Source material:
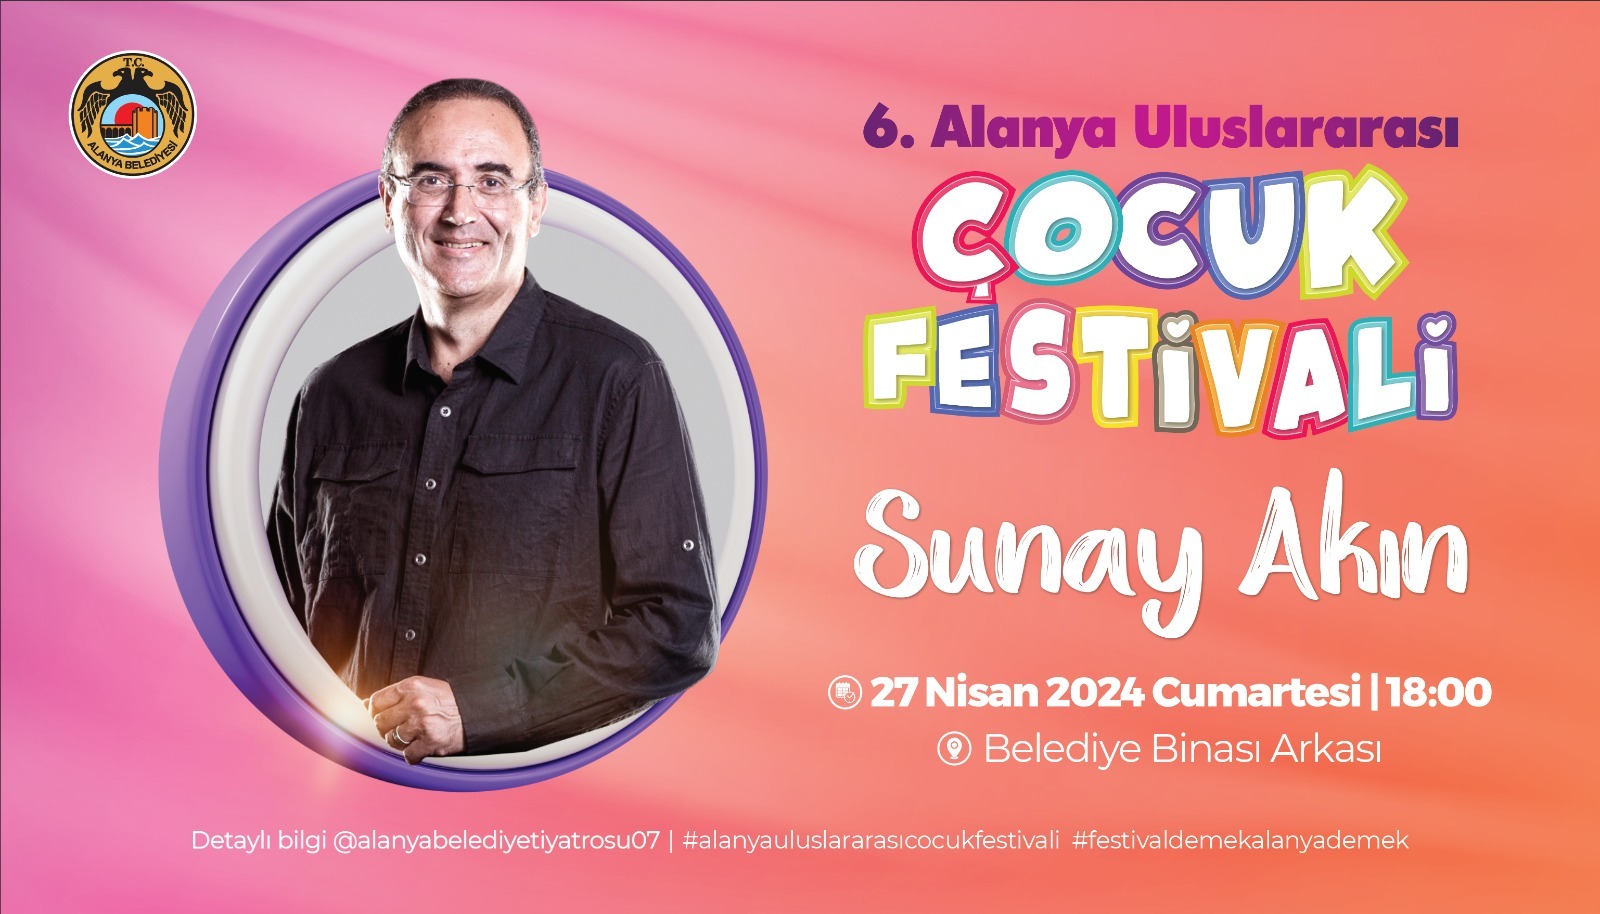 Alanya Uluslararasi Cocuk Festival
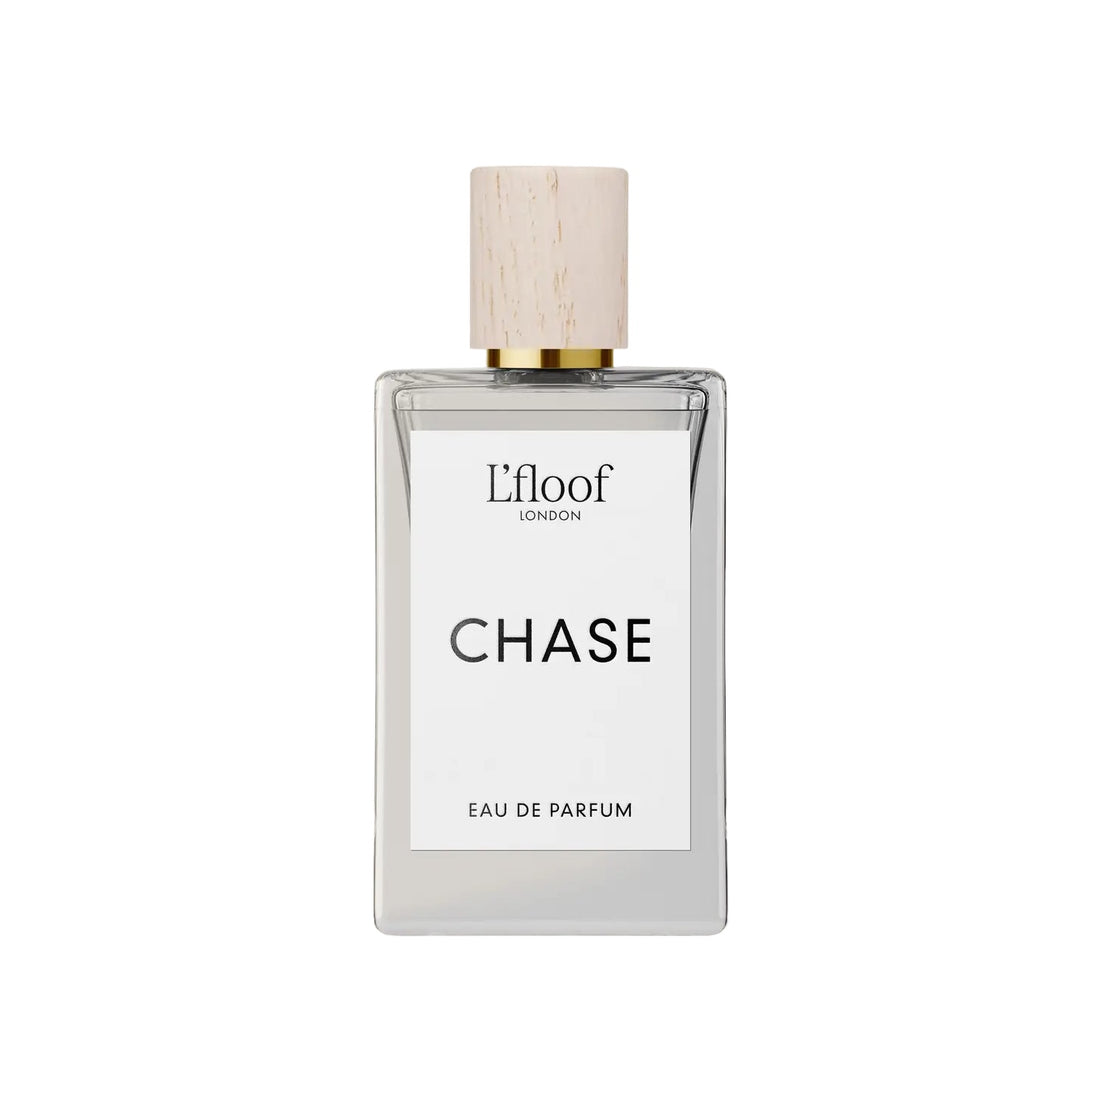 Dog Perfume Fragrance Spray l Chase
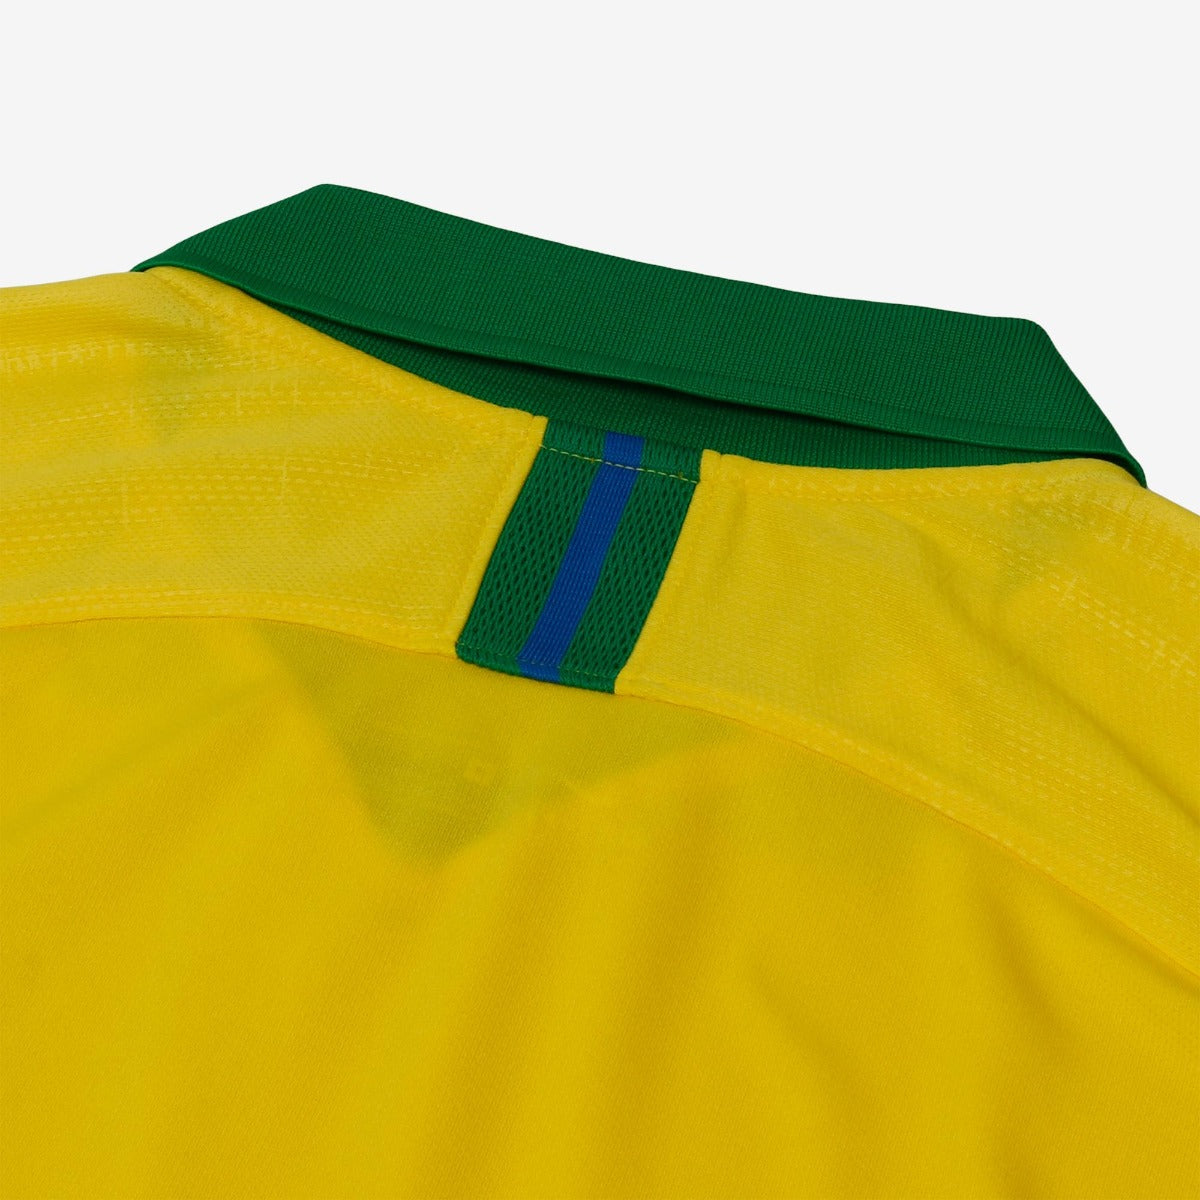 Nike Brazil 2019-20 Copa America Home Jersey - Yellow

Task requirements: Restate each line above exactly, keeping pictures out.

Response to this exercise:
 Alanya Uluslararasi Cocuk Festival
 Dog Perfume Fragrance Spray l Chase
 Nike Brazil 2019-20 Copa America Home Jersey - Yellow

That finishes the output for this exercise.